Сначала Ракеш метался по комнате под недоуменным взглядом Вики. Потом застыл у окна, всматриваясь в ночную темноту. Он пытался отмотать назад и проанализировать свои ощущения. Запустив пальцы в волосы, так сжал их, что чуть не выдрал. В памяти сразу всплыли сказанные Викой слова, ее совершенные очертания, страсть, нежность, сладость мягких губ и, наконец, сорвавшееся с них, горячечное признание, затопившее Ракеша волной счастья. Но следом за этим, последовало отрезвление при воспоминании о том, как, не замечая ничего, он набросился на Вику.

«Неужели то, что со своей остолопностью я принял за последнюю попытку поганки сопротивляться, было… Что я наделал? Я сделал ей больно? Как я мог быть настолько невнимательным?!» — он не мог посмотреть ей в глаза, вспоминая одинокую, сорвавшуюся с ресниц слезинку и стараясь понять, как сильно ей может быть плохо.

Несмотря на богатый опыт общения с женщинами, Ракеш оказался совсем не готов к тому факту, который утверждали сейчас простыни. Он всегда старался избегать невинных девушек, общение с которыми влекло за собой нескончаемые проблемы, и всем лицемерным «скромницам», которые томно опустив ресницы и притворно смущаясь, «робко» и тожественно говорили, что верят ему и без страха вверяют себя, Ракеш безжалостно срывал с глаз розовые очки, уверяя, что не имел намерений строить серьезные отношения и, если предлагаемый формат общения им не подходит, то не смеет задерживать. А потом, без малейшего сочувствия смотрел на вызванные уязвленным эго слезы, совершенно справедливо полагая, что действительно порядочная девушка не преступит установленных воспитанием границ до свершения всех обетов.
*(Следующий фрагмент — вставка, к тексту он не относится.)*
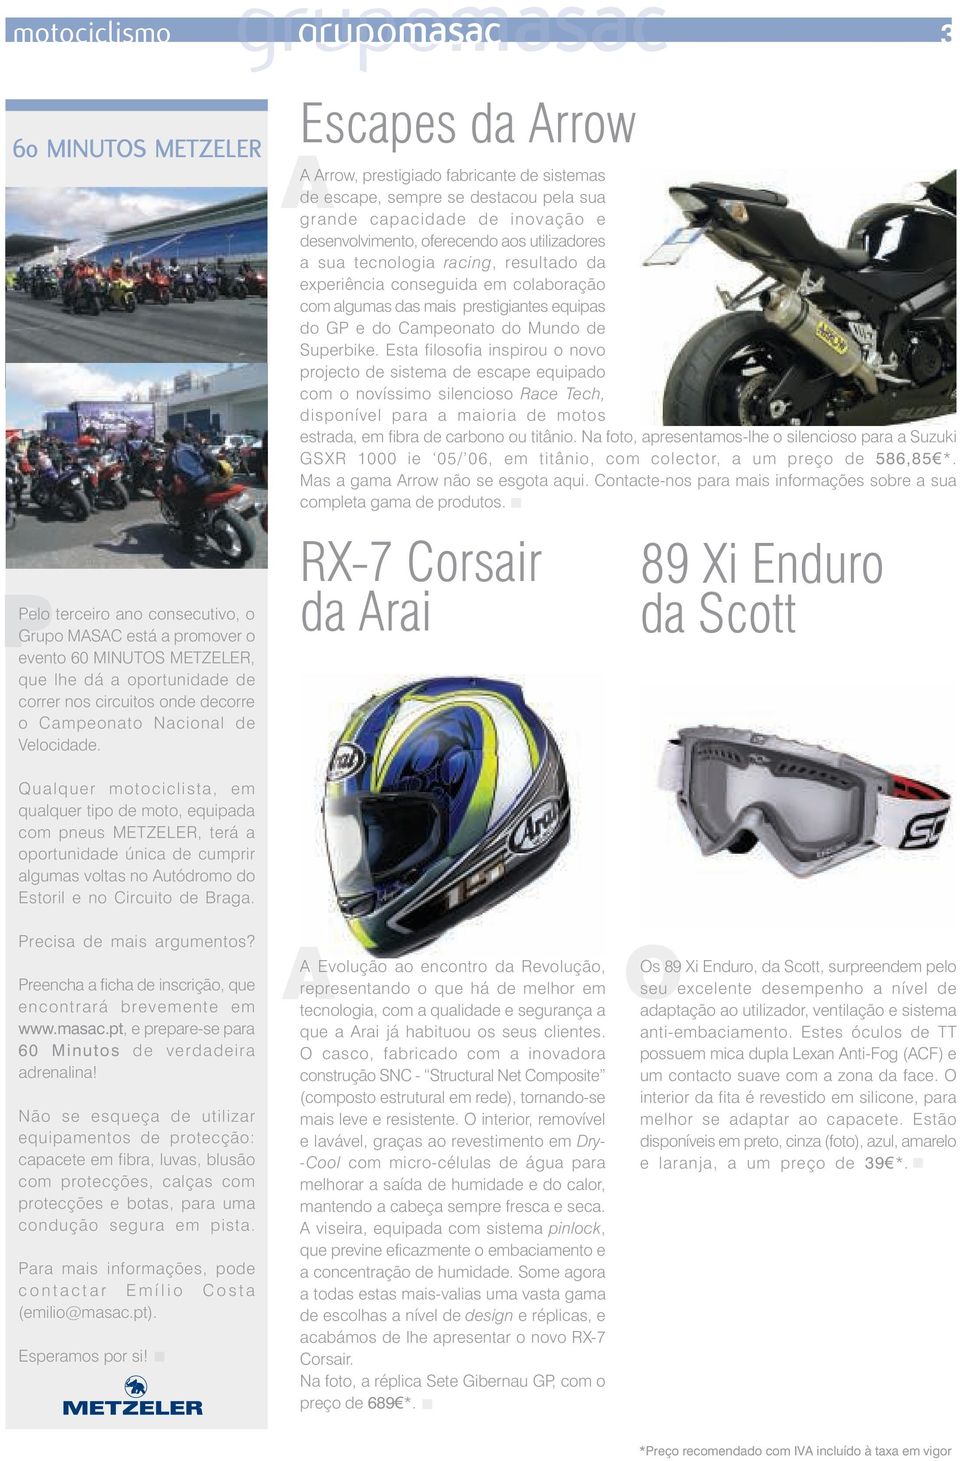 Qualquer motociclista, em qualquer tipo de moto, equipada com pneus METZELER, terá a oportunidade única de cumprir algumas voltas no Autódromo do Estoril e no Circuito de Braga.

В случае же, если ее поступок продиктован истинными чувствами, что тоже возможно, то она просто будет следовать им, не размахивая флагом своей невинности.

И вот сейчас судьба преподнесла нежданный сюрприз, к которому Ракеш оказался совсем не готов и не знал, что теперь с этим делать. Его будто что-то толкнуло — ведь Вика поступила именно так — утверждая, что не признает заключенного брака, она без лживых и совершенно лишних слов, не заявляя громкогласно о целомудренности… «А ты что хотел?» — ядовито спросил внутренний голос. — «Что после всего, что ты ей наговорил, она побежит к врачу за справкой и сунет ее тебе в нос?».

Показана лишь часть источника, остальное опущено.